PhDs in India

This post is in response to Abi’s post on getting more students to pursue PhD in India.

While I agree with all of the points and suggestions in the original post, I think we are missing some important points. Looking at it as a problem in economics, the effort is to create a market for PhD programs in India. Like with many products, the PhD Program in India needs market makers, quality product, and a demand for the product. Lets looks at each aspect more closely:

Market Makers:

In order to get students in pursue PhD, you need to create a market for PhDs. Currently, there is very little market for PhDs in India. There are a select few openings in academic institutes of repute, and that’s about it when it comes to a real market in India. Granted that more and more industries are looking for PhDs, but are very picky about their recruitment (and rightly so). Additionally, once you get a PhD you become overqualified for most of the jobs in the market, and so you job prospects actually diminish with a PhD. This trend needs to be reversed. Only if PhD is made an attractive prospect will students pursue it.

Quality Product

Even if there is a market, if the product offered is not of quality, then you cant sell the product. The same is true for PhD programs. How many PhD programs in India are actually of international merit? Very very few! I know of people who have graduate with a PhD from Indian universities without a single publication at an international venue! If no result of this person’s work was deemed original and significant by his/her professional community, then how can the entire dissertation be deemed worthy of a PhD by the university? Furthermore, if that is the quality of the PhD, who job prospect can the person expect after graduating?

But in order to produce quality PhDs, you need to recruit quality PhDs to begin with. Its not easy, its expensive, but its got to be done. There are so many Indians with PhDs abroad who want to return to India. All you need to do is provide them with a venue for research, with good funding and competitive pay and you can get them. But a sincere effort needs to be made to recruit and retain such researchers.

There needs to be a quality control mechanism within the PhD program and the local professional community to ensure that PhD students do produce quality results.
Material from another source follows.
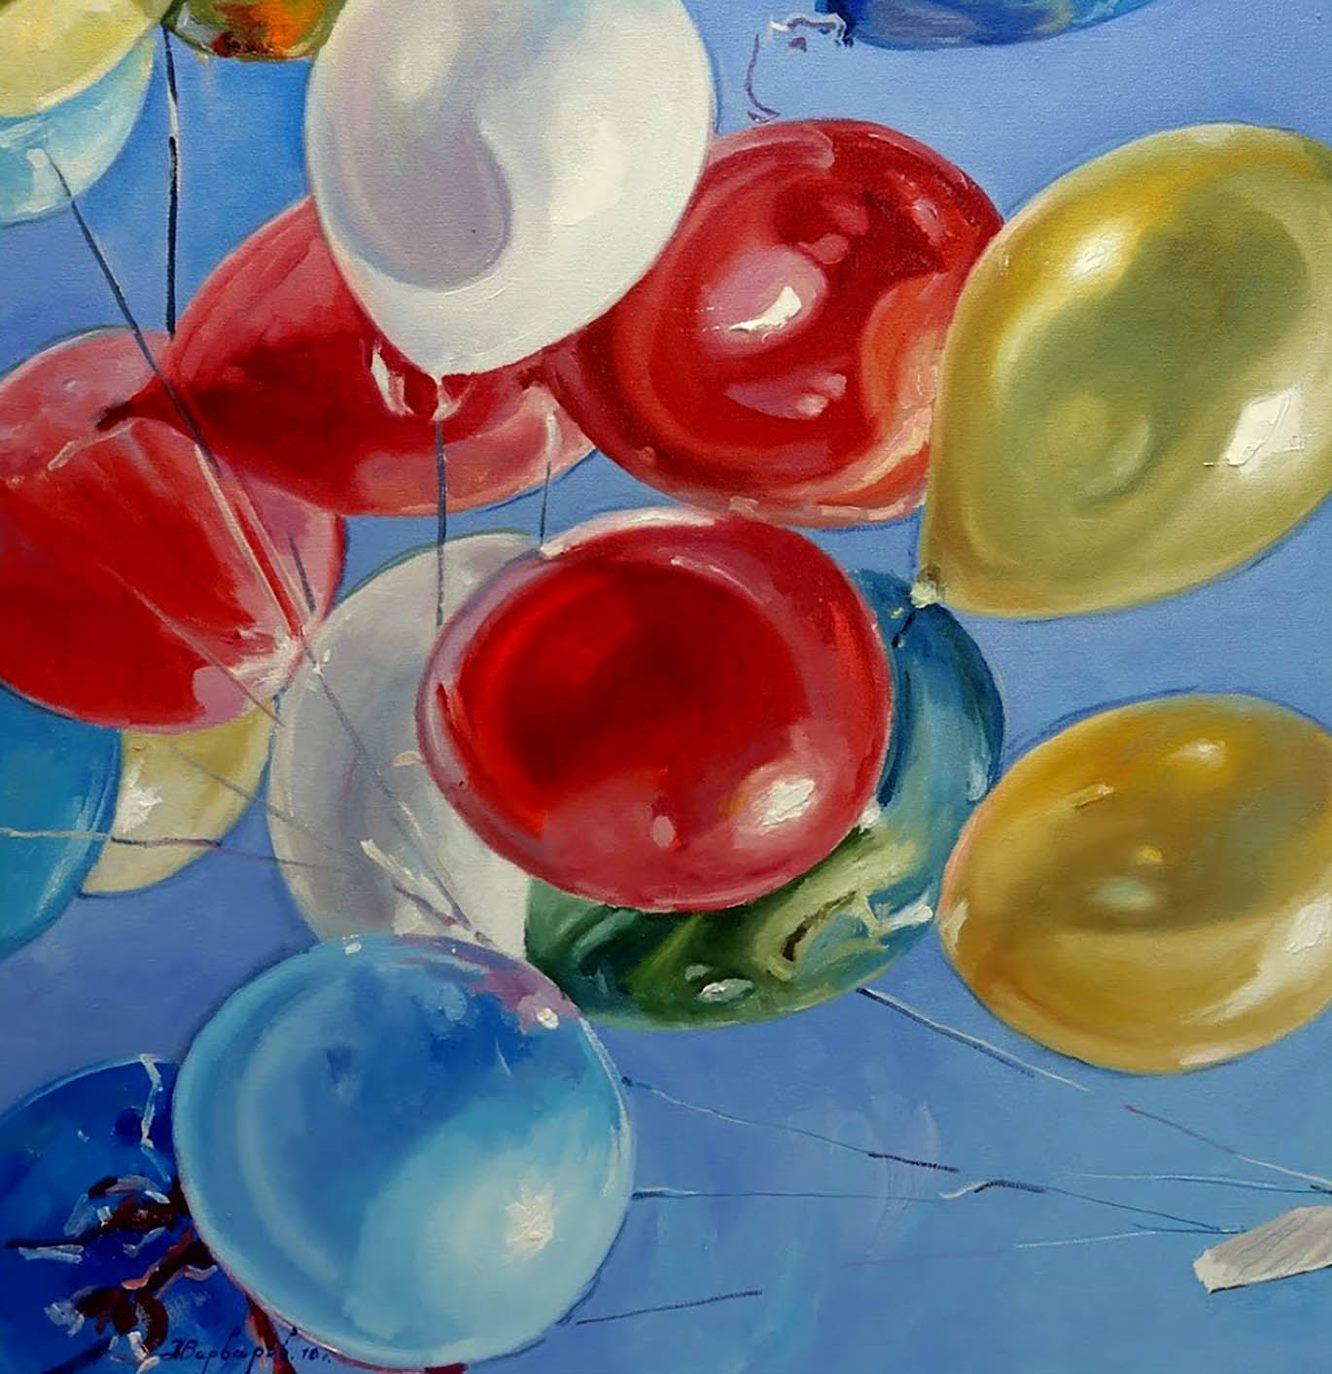 Carrier, Balloons, Canvas Art, Original oil Painting, One of a Kind - Blue Landscape Painting by Anatoly Varvarov Viktorovich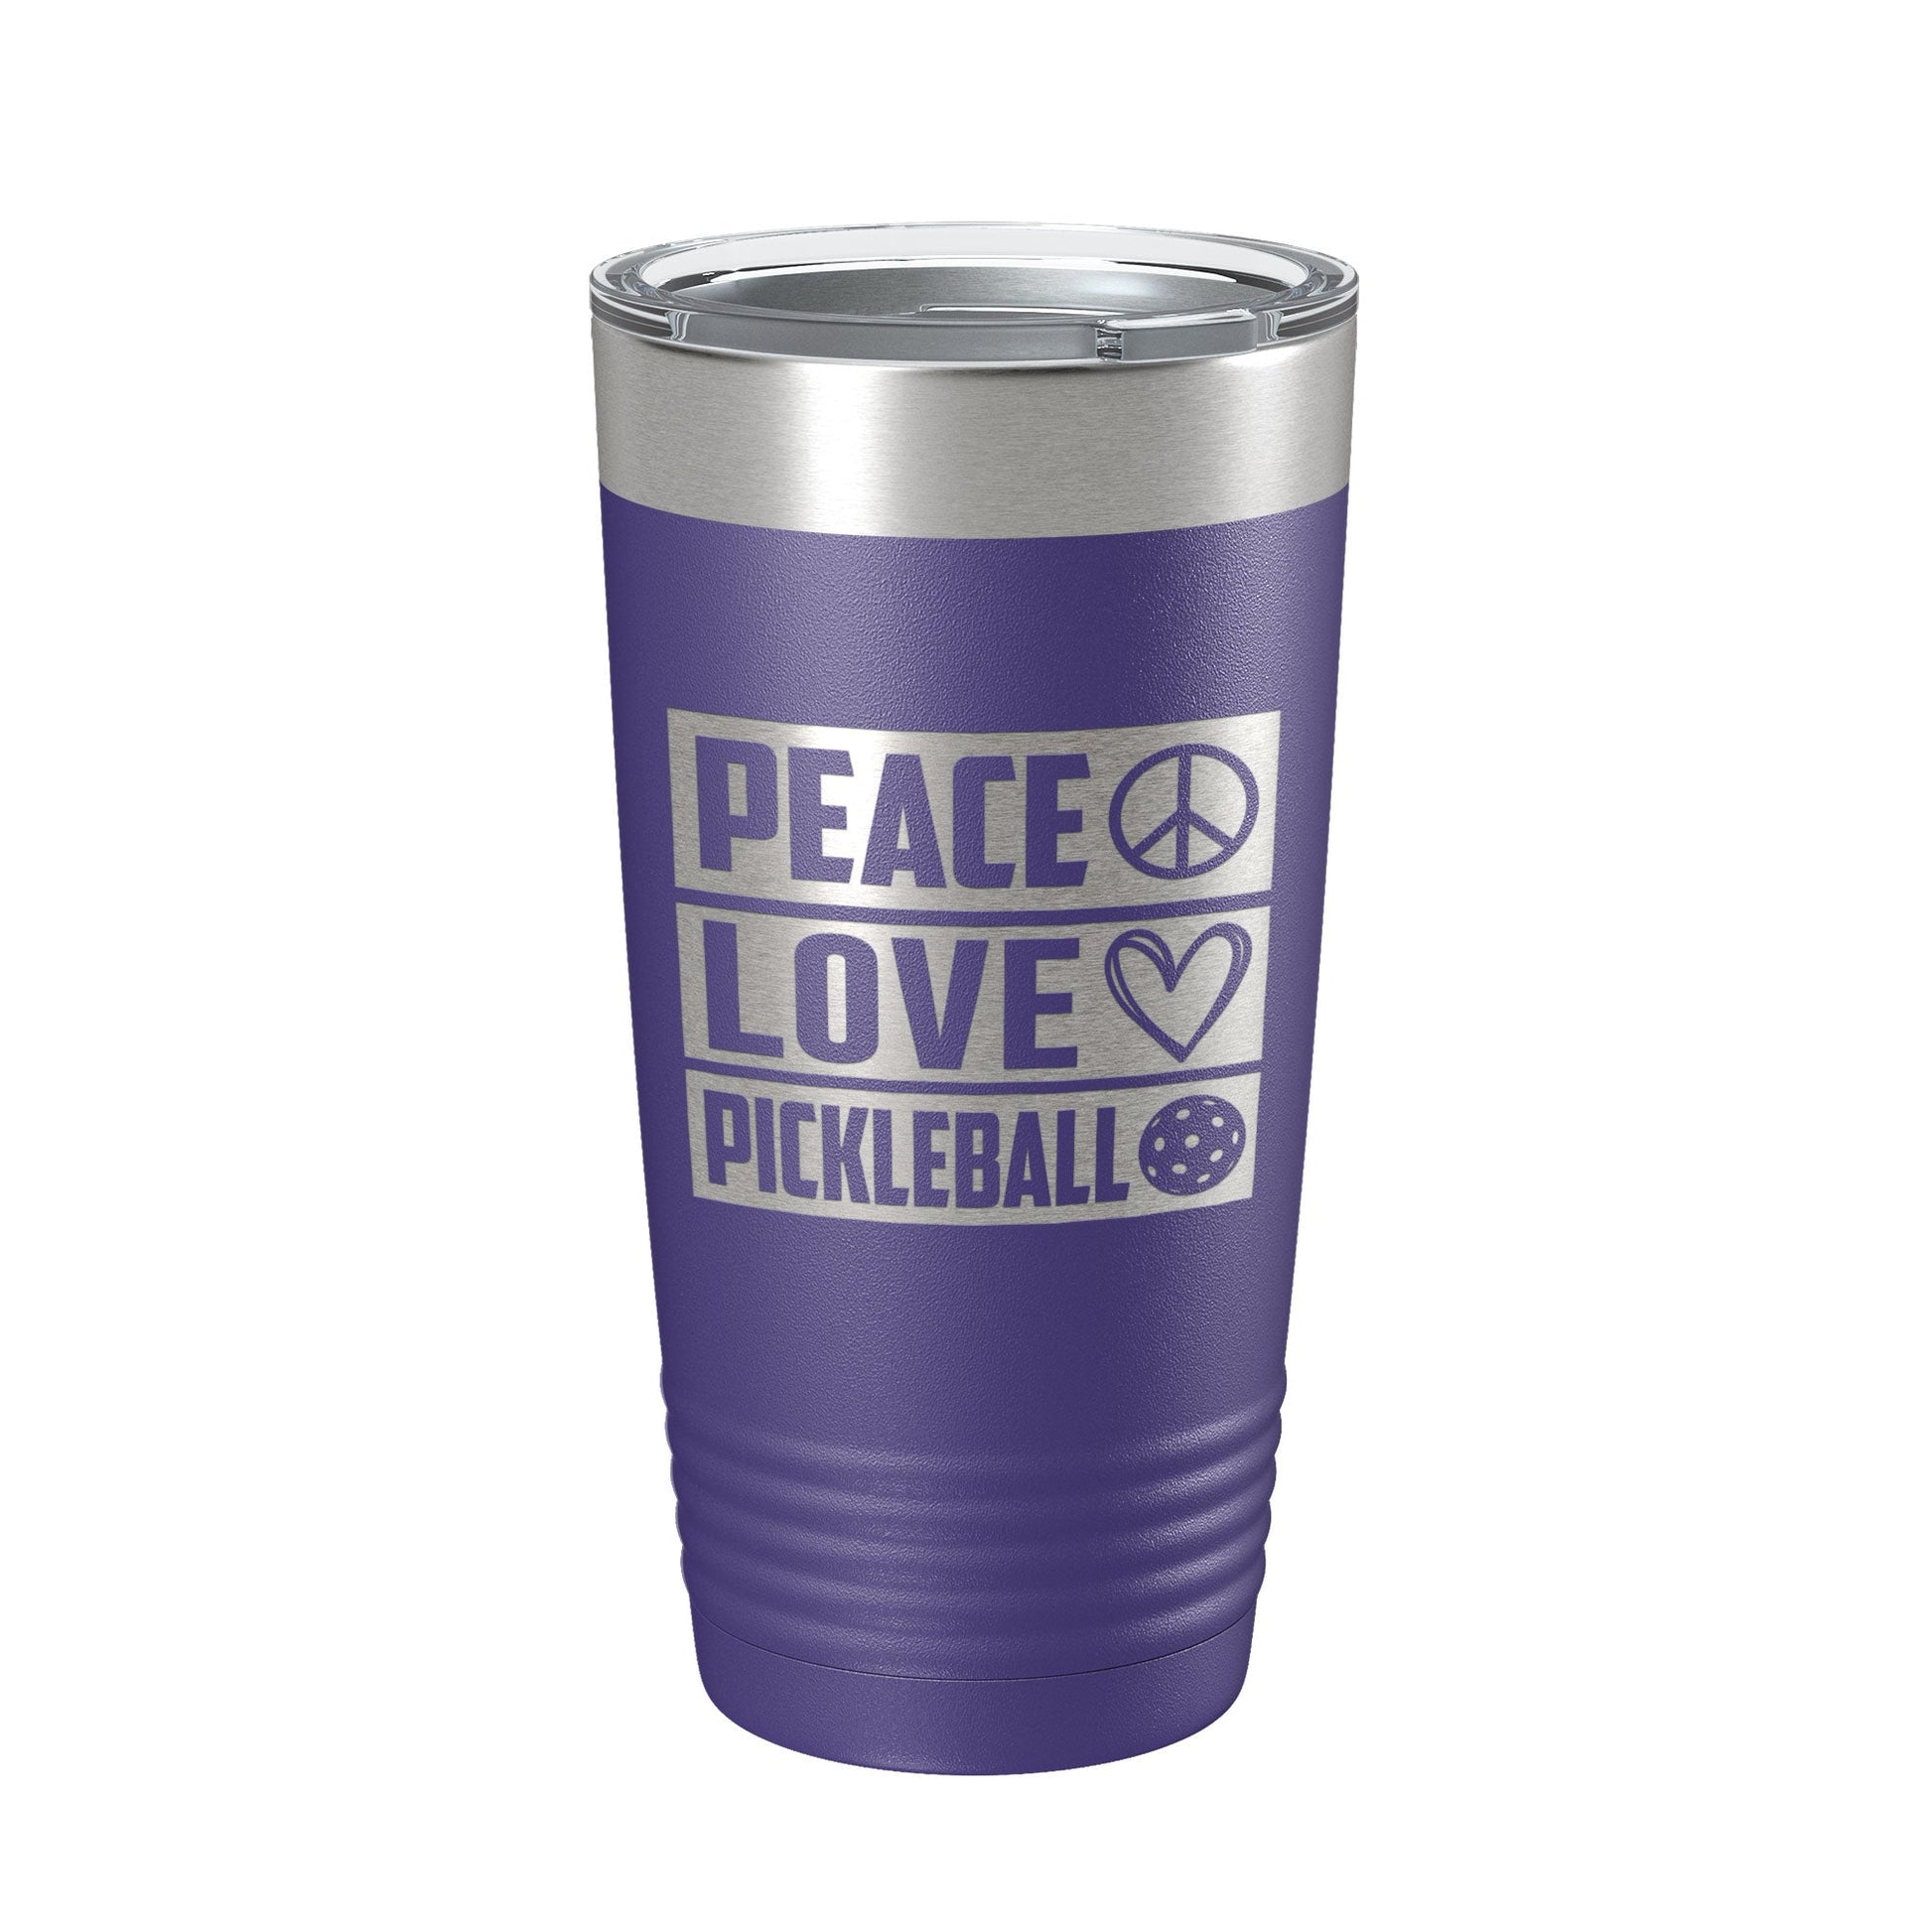 Peace Love Pickleball Tumbler Travel Mug Insulated Laser Engraved Coffee Cup Pickle Ball Gift 20 oz-15

It could be anything from mandating publications in international venues, to holding conferences and symposiums on high-quality research being done nationally/locally.

There needs to be encouragement for research through independence, autonomy, authority, and responsibility.

Demand for the product

You have a market for PhD programs, you have quality programs in place. You still need a demand for these programs. Here’s where marketing, prospecting comes in. It is very important the students are educated about higher degrees, their requirements, benefits, and future prospects. There needs to be massive talent scouting with pin pointed, personal hard-sell efforts by each educational institution to recruit select PhD candidates in each program who can help establish and flourish the institutes’ reputation, profile, and research potential.

Recruitment alone is not sufficient, retention is equally important. Given that the program is already of high quality, the best way to retain good PhD students is best described in Abi’s original post.

Until we have these basics taken care of, no amount of effort on funding, industry participation, etc. is going to help us get more PhDs of decent quality.